Intracellular FACS Analysis of P63 and CK5
To isolate HBCs ex vivo, the OE was dissociated as previously described (Schnittke et al., 2015). In vitro HBCs were grown to confluency in 6-well plates. Cell medium was removed and replaced with warm Accutase to detach cells. The suspension was fixed and permeabilized utilizing the FIX & PERM Cell Permeabilization Kit (Thermo Fisher, GAS003) as described (Schnittke et al., 2015). After staining, cells were resuspended 1× HBSS and subjected to analytic flow cytometry analysis on the Becton-Dickinson LSRII. Boolean gating to remove debris, doublets, and select Hoechst 33,343+ cells was performed with Cytobank, and gated cells were visualized with R Studio (ggplot).

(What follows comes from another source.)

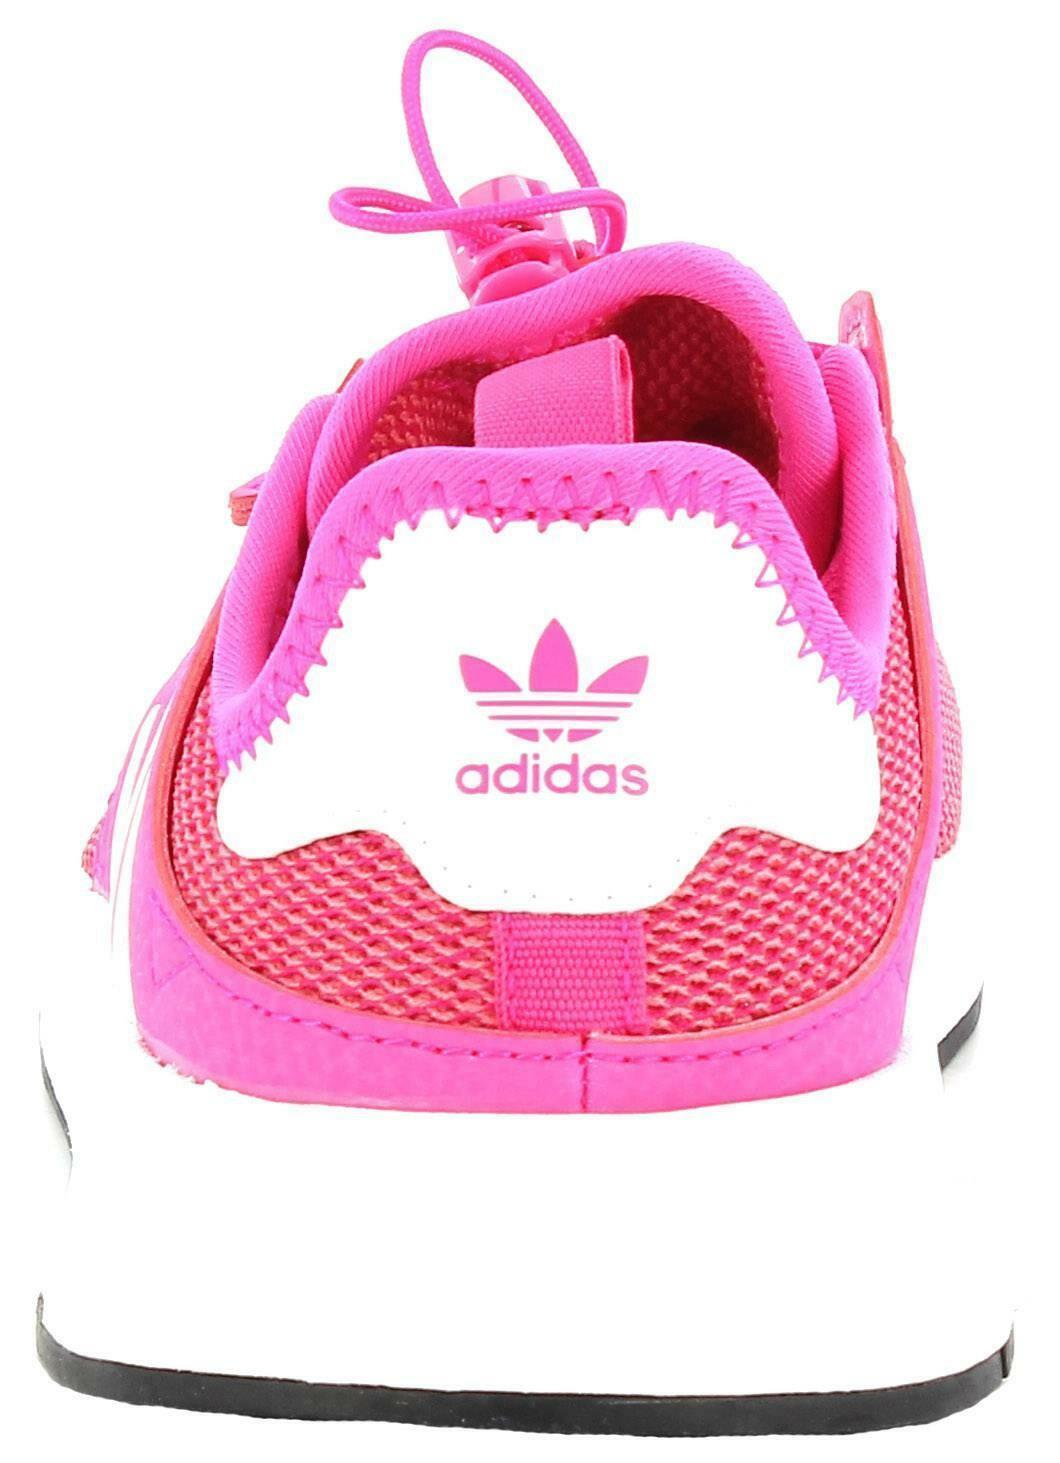 adidas adidas x_plr c scarpe sportive bambina fucsia
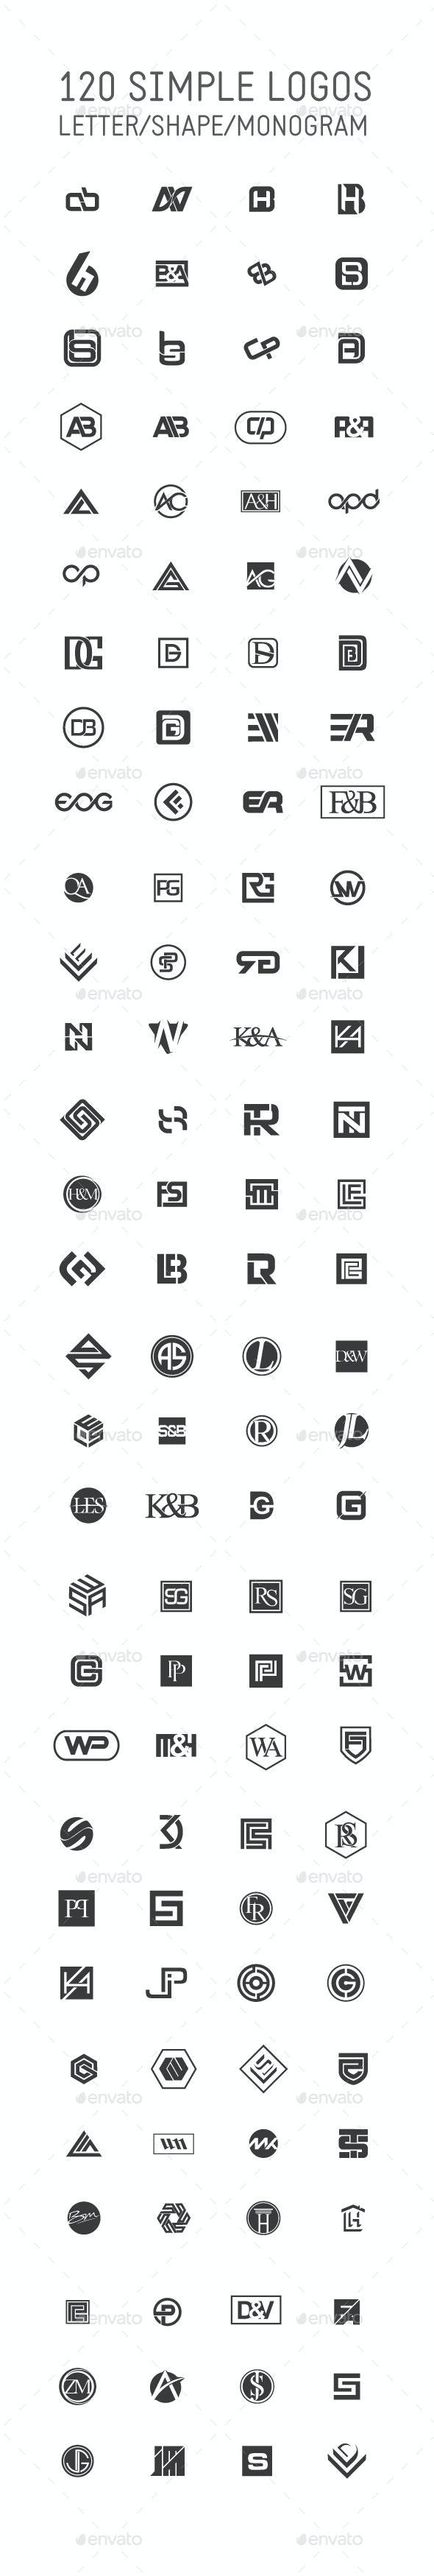 120 Simple Logo Collection - Miscellaneous Web Elements

Imaging, Image Quantification, and Statistical Analysis
Cells and tissues were imaged on a Zeiss LSM800 confocal microscope or a Nikon 800E epifluorescence microscope. Images were processed using Fiji software to adjust color palette, balance, and contrast; all changes were applied to the entire image. Fluorescence quantification and image segmentation were performed using CellProfiler (Carpenter et al., 2006). P63 fluorescence was quantified in ImageJ by creating a DAPI mask, applying it to the P63 channel, and measuring the fluorescence of individual cells. Data were exported and analyzed in Prism 6. Further image analysis including 3D stack reconstruction was conducted using Icy platform (de Chaumont et al., 2012). Student's t test was used to compare values with normal distributions. One- or two-way ANOVA with Tukey's method was used for multiple mean comparisons. For all statistical analyses, the number of animals or culture wells are noted in the figure legends. In all graphs, ∗p < 0.05, ∗∗p < 0.01, ∗∗∗p < 0.001, ∗∗∗∗p < 0.0001. Error bars represent the standard error of the mean.
Author Contributions
J.P., B.L., C.M.B.-C., D.B.H., and J.E.S. designed the research; J.P., B.L., C.M.B.-C., D.B.H., and W.J. performed the research; B.L., E.H.H., and J.H.C. contributed new reagents/analytic tools; J.P., B.L., C.M.B.-C., D.B.H., and J.E.S. analyzed data; and J.P., B.L., C.M.B.-C., and J.E.S. wrote the paper.
Acknowledgments
The authors thank Po Kwok-Tse for her outstanding technical assistance. Funded by the NIH, USA: R01 DC002167 (J.E.S.), F31 DC014637 (B.L.), F30 DC013962 (D.B.H.), and F31 DC014398 (J.H.C.).
Published: March 28, 2019
Footnotes
Supplemental Information can be found online at https://doi.org/10.1016/j.stemcr.2019.02.014.
Accession Numbers
Data generated herein are deposited at GEO: GSE103577. Additional RNA-seq data were accessed from GEO: GSE95601, GSE92842, GSE92779 (Fletcher et al., 2017).